Welcome to this demo of the KACE K2000 Systems Deployment Appliance. The K2000 makes it easy to fulfill all your organization's system provisioning needs with capabilities for inventory assessment, OS and image deployment, user state migration, system configuration, application installation, and recovery. Today we'll show the new task engine in version 3.6 of the K2000, and demonstrate the K2000's new multicast deployment, which lets you deploy an image to multiple systems at the same time.
We'll begin on the K2000 homepage, where we can see an overview of all the information we'll need for our deployment. We'll start our multicast deployment by clicking the Deployment tab, selecting new boot action, entering the name of our project, and then selecting Deploy Windows 7 Enterprise with Service Pack 1 from our image library. We'll select Multicast as our deployment type, and then choose our target systems.
In this case, we'll deploy our image the 30 different systems at the same time. We'll save our deployment and the process begins. Here, we can see the new task engine in action. The K2000 task engine enables you to automate detailed pre and post installation tasks. At the top right of the page, you can see all of the tasks, currently scheduled for this deployment, such as create a single partition, apply image, copy post install files, and update configuration for OS tasks.
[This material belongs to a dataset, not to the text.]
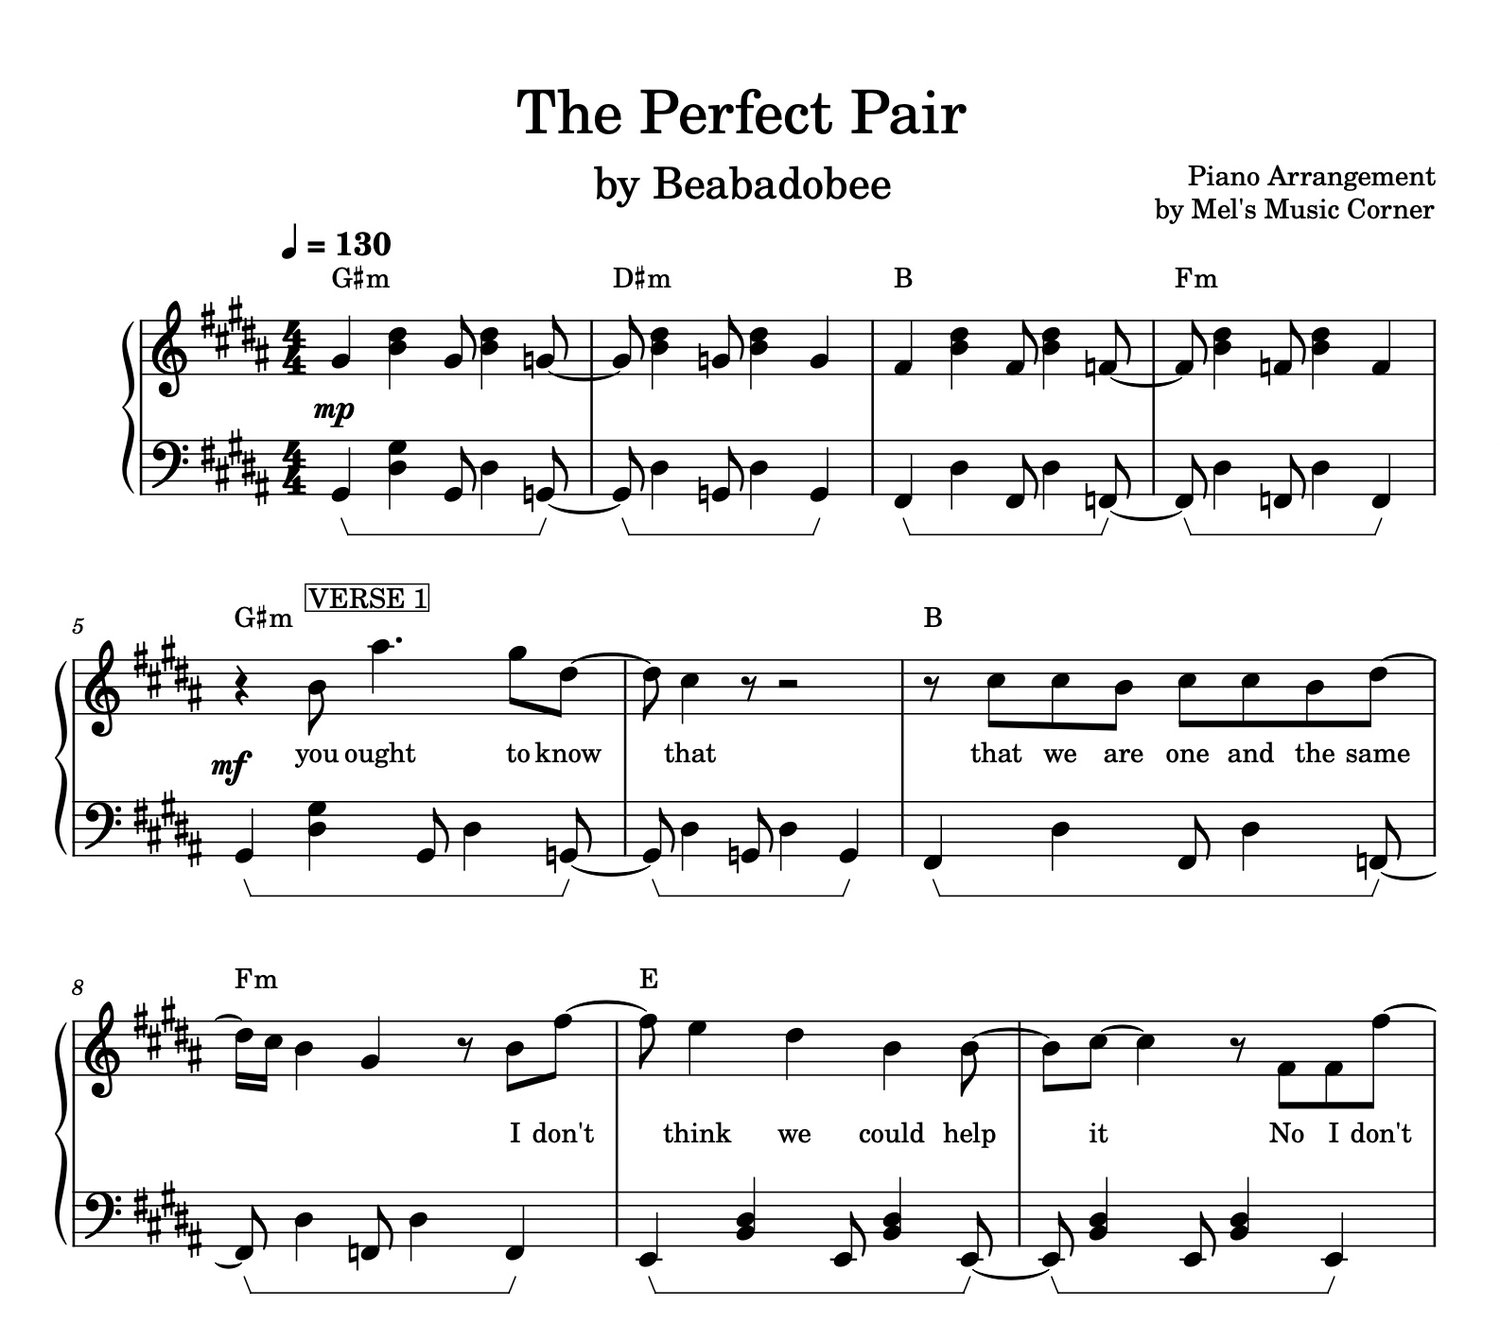 The Perfect Pair by Beabadoobee SHEET MUSIC or MIDI

The task engine also communicates in real time with each system as it's being deployed. So you can see exactly what's happening throughout the process. This two way communication also enables the K2000 to handle complex deployment tasks, such as multiple reboots.
Here we see each system checking in with the K2000. Once all 30 systems have checked in, our multicast deployment will start. All of our systems have checked in now and our multicast deployment is under way. We've also opened remote viewing software that lets us see the deployment as it takes place. This process normally takes about 15 minutes to complete, but we've compressed it for the purposes of this demo. You can see the actual laps time at the bottom right corner of the screen.
We're about nine minutes into the process, and we can see that the K2000 is wrapping up the deployment of the new OS and is beginning the post deployment tasks. We'll switch back to the task engine where we can see the K2000 is completing its deployments. We can verify this by the green check marks appearing next to each system. And that's it. The process is complete, and it took just over 12 minutes to push a new Windows 7 image to 30 systems using the K2000's multicast deployment capabilities.